Without debate, self harm and harm to staff is one of the biggest concerns mental health facilities manage. Often the biggest safety and security concern is the damage patients can do to themselves. “There are three rules I had drummed in me,” says Mark Hanchar; Director of Preconstruction Services for Gilbane Building Company, Providence, R.I. “First, there can’t be any way for people to hang themselves. Second, there can be no way for them to create weapons. Third, you must eliminate things that can be thrown.” Hanchar says that the typical facility is, “a hospital with medium-security prison construction.” This means shatter proof glass, solid surface countertops (laminate can be peeled apart), stainless steel toilets and sinks (porcelain can shatter), push pull door latches and furniture that cannot be pulled apart and used as a weapon. These are just to name a few.

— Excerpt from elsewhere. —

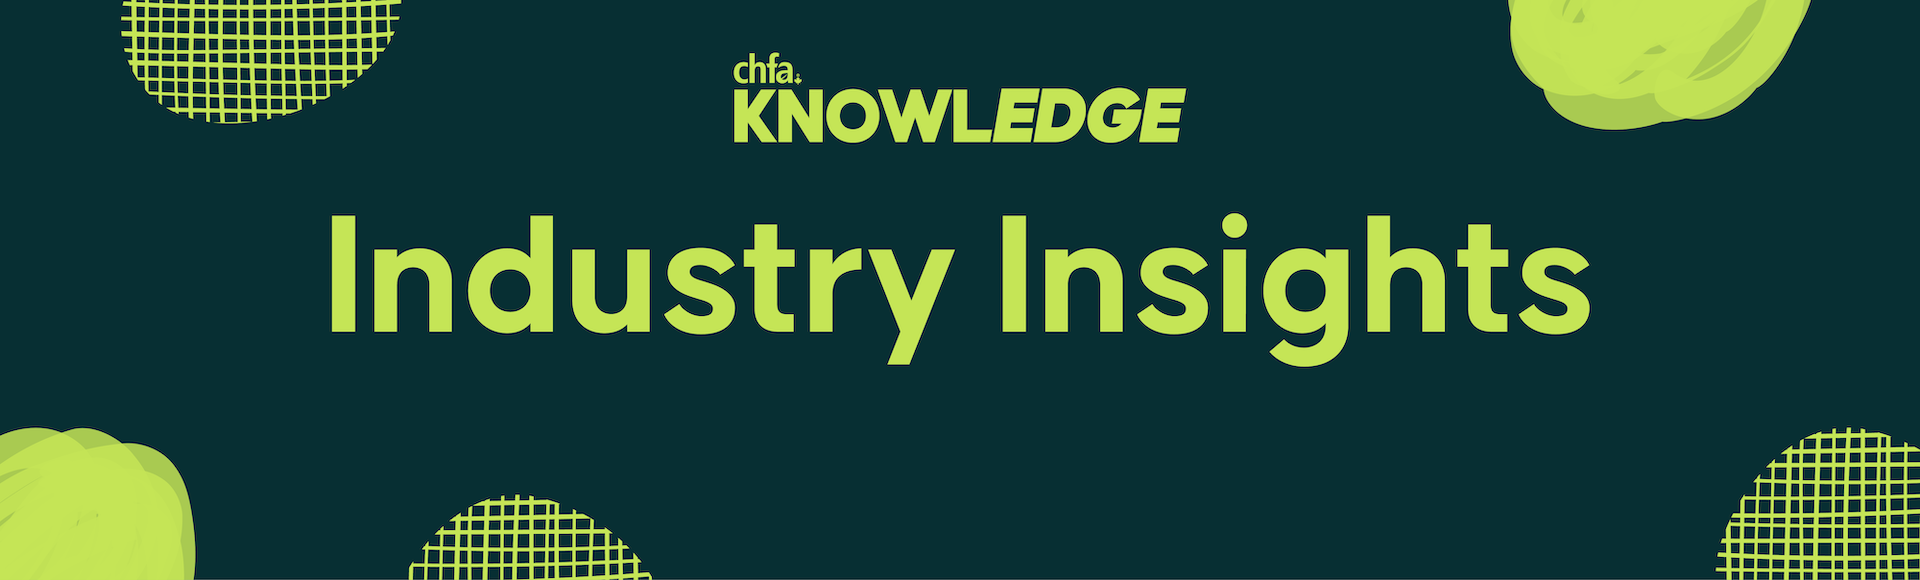 chfa industry insights

Additionally, removing barriers between patients and nursing staff is a safety consideration. Frank Pitts, AIA, FACHA, OAA president of Architecture Plus, says what may be counter-intuitive for safety precautions, “Glass walls around nursing stations just aggravate the patients.” Removing glass or lowering it at nursing stations so patients can feel a more human connection to nurses often calms patients. There is also discussion of removing nursing stations altogether; decentralizing and placing these care needs directly into the clinical neighborhoods and community spaces. Pitt says, “The view is that [nursing staff] need to be out there treating their patients.”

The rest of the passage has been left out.